What is needed:
Please, without any pictures, set down exactly the part of the listing below that opens with the line containing "Sun68 Down Jacket" and closes with the line containing "Washington+Nationals+Concept.png".

Given data:
___

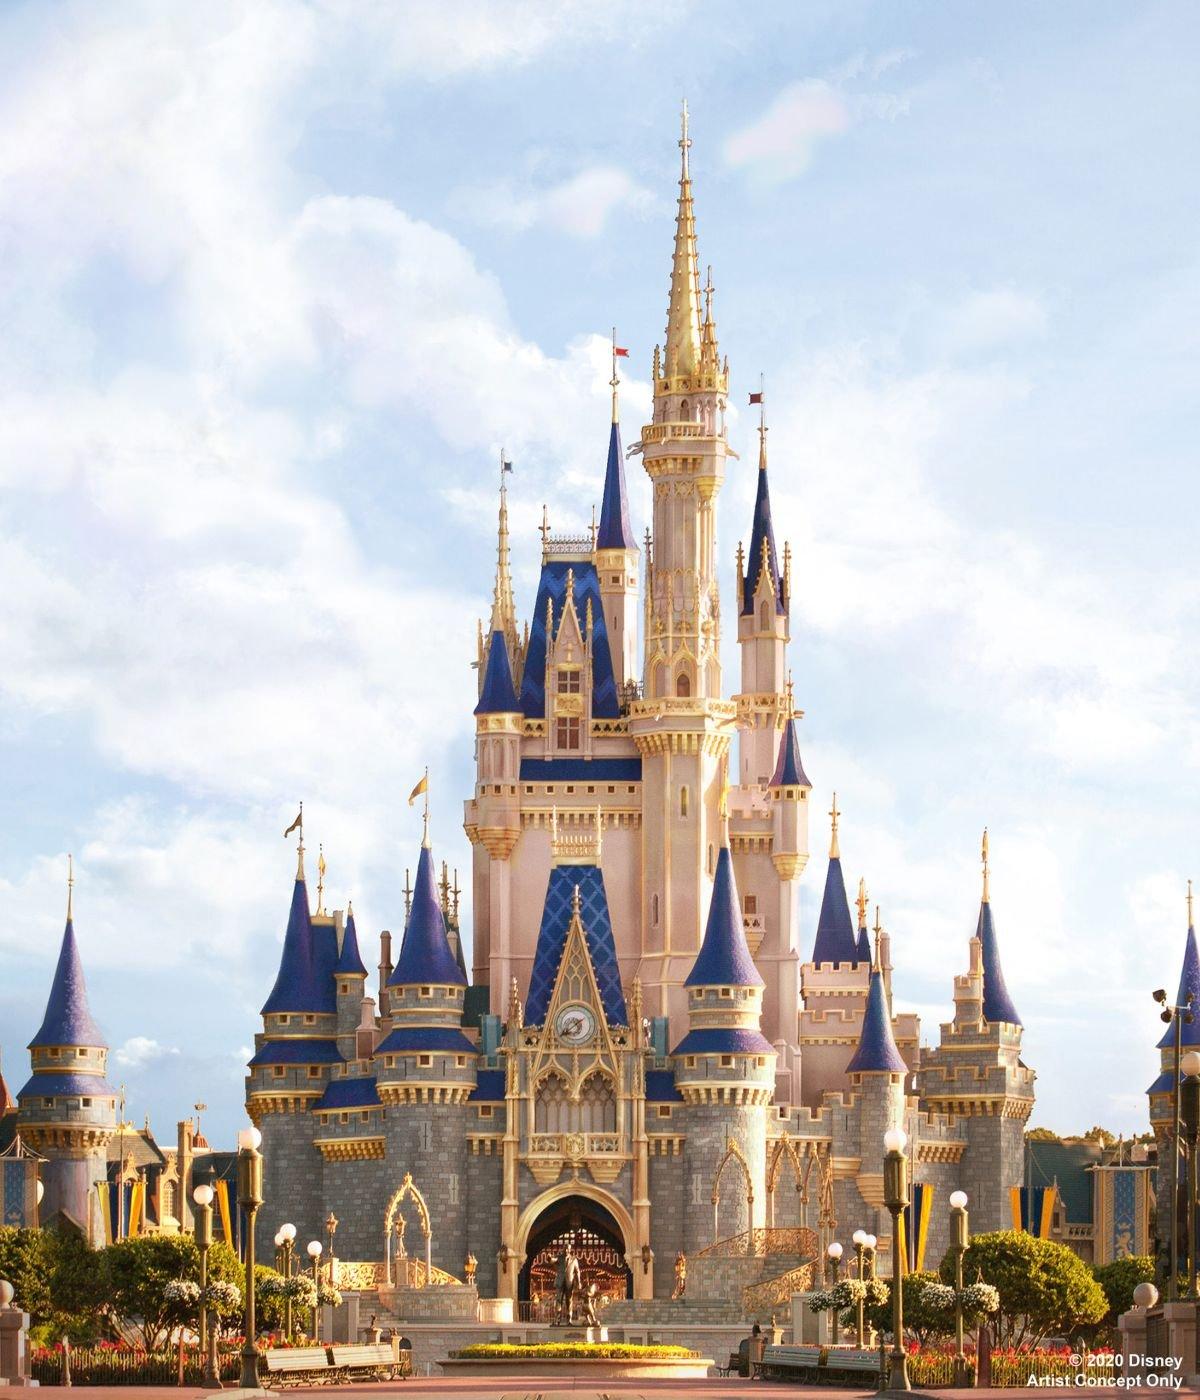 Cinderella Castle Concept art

___

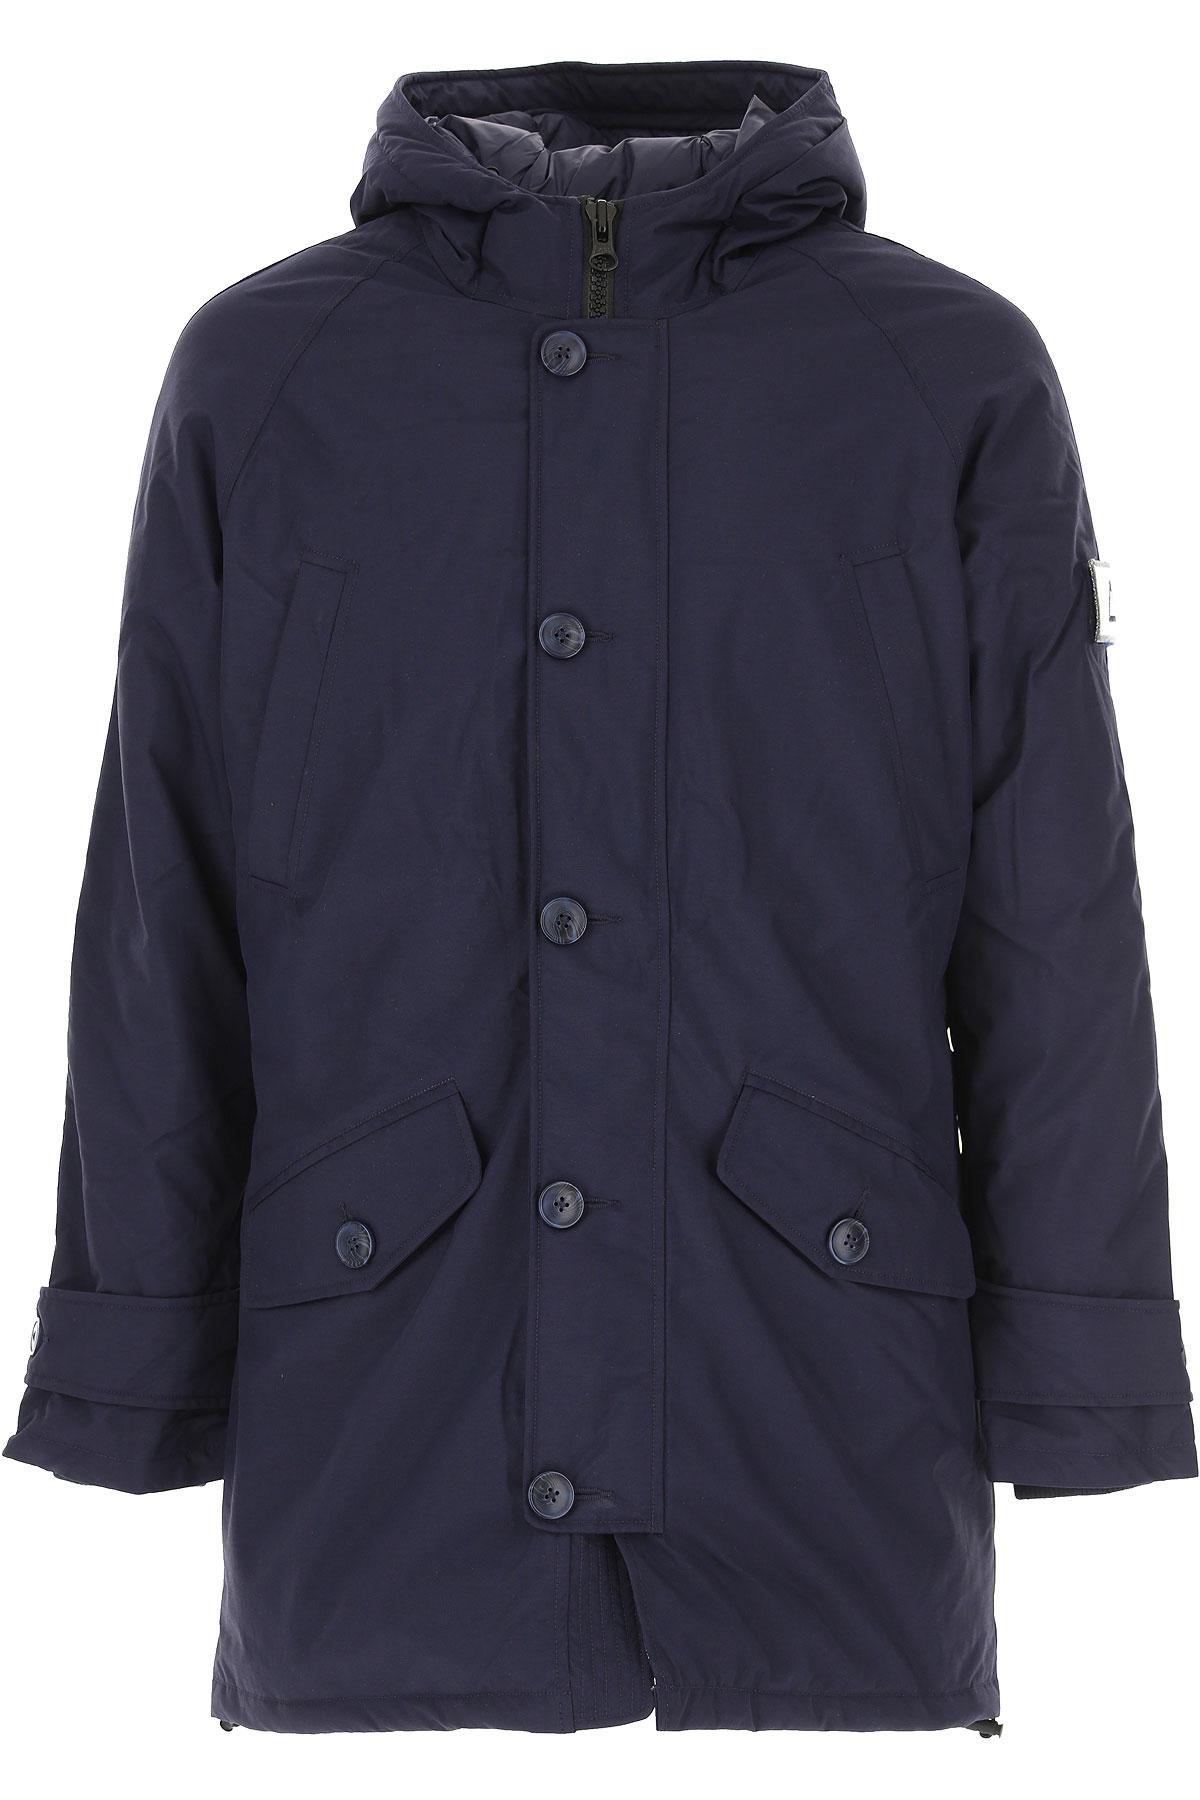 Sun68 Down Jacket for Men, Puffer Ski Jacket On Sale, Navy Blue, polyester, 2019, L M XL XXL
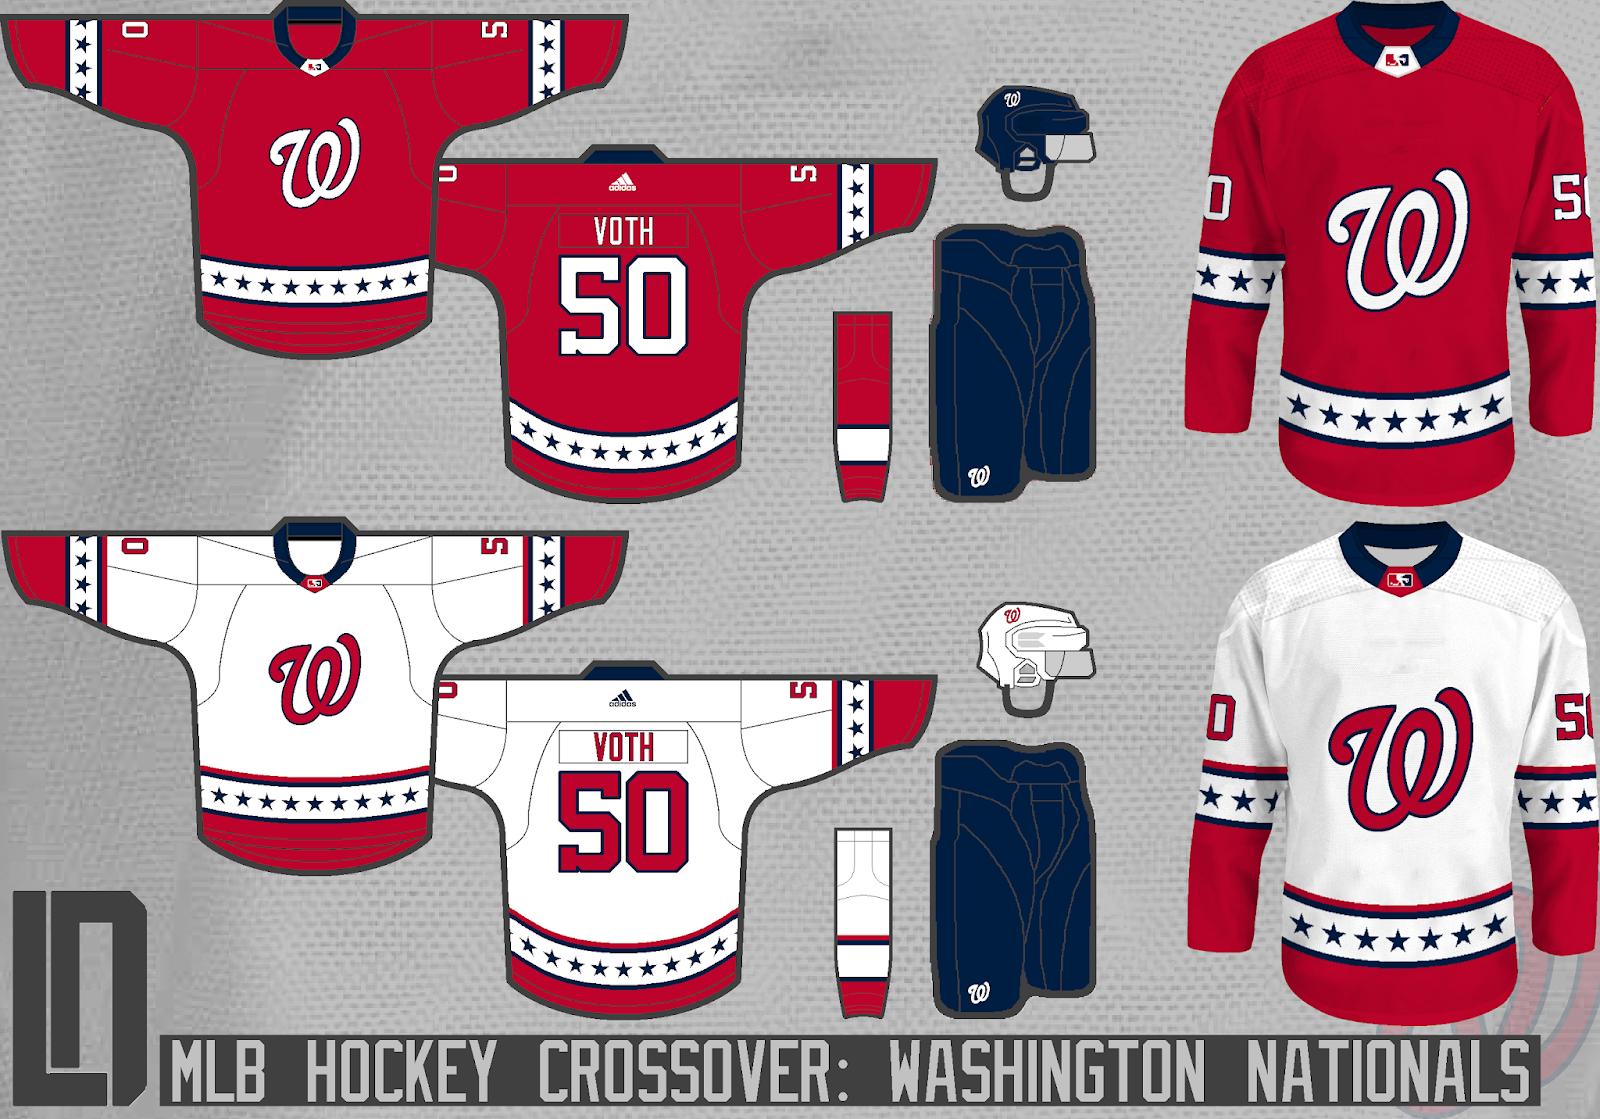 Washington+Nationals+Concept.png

___

Reply:
 Sun68 Down Jacket for Men, Puffer Ski Jacket On Sale, Navy Blue, polyester, 2019, L M XL XXL
 Washington+Nationals+Concept.png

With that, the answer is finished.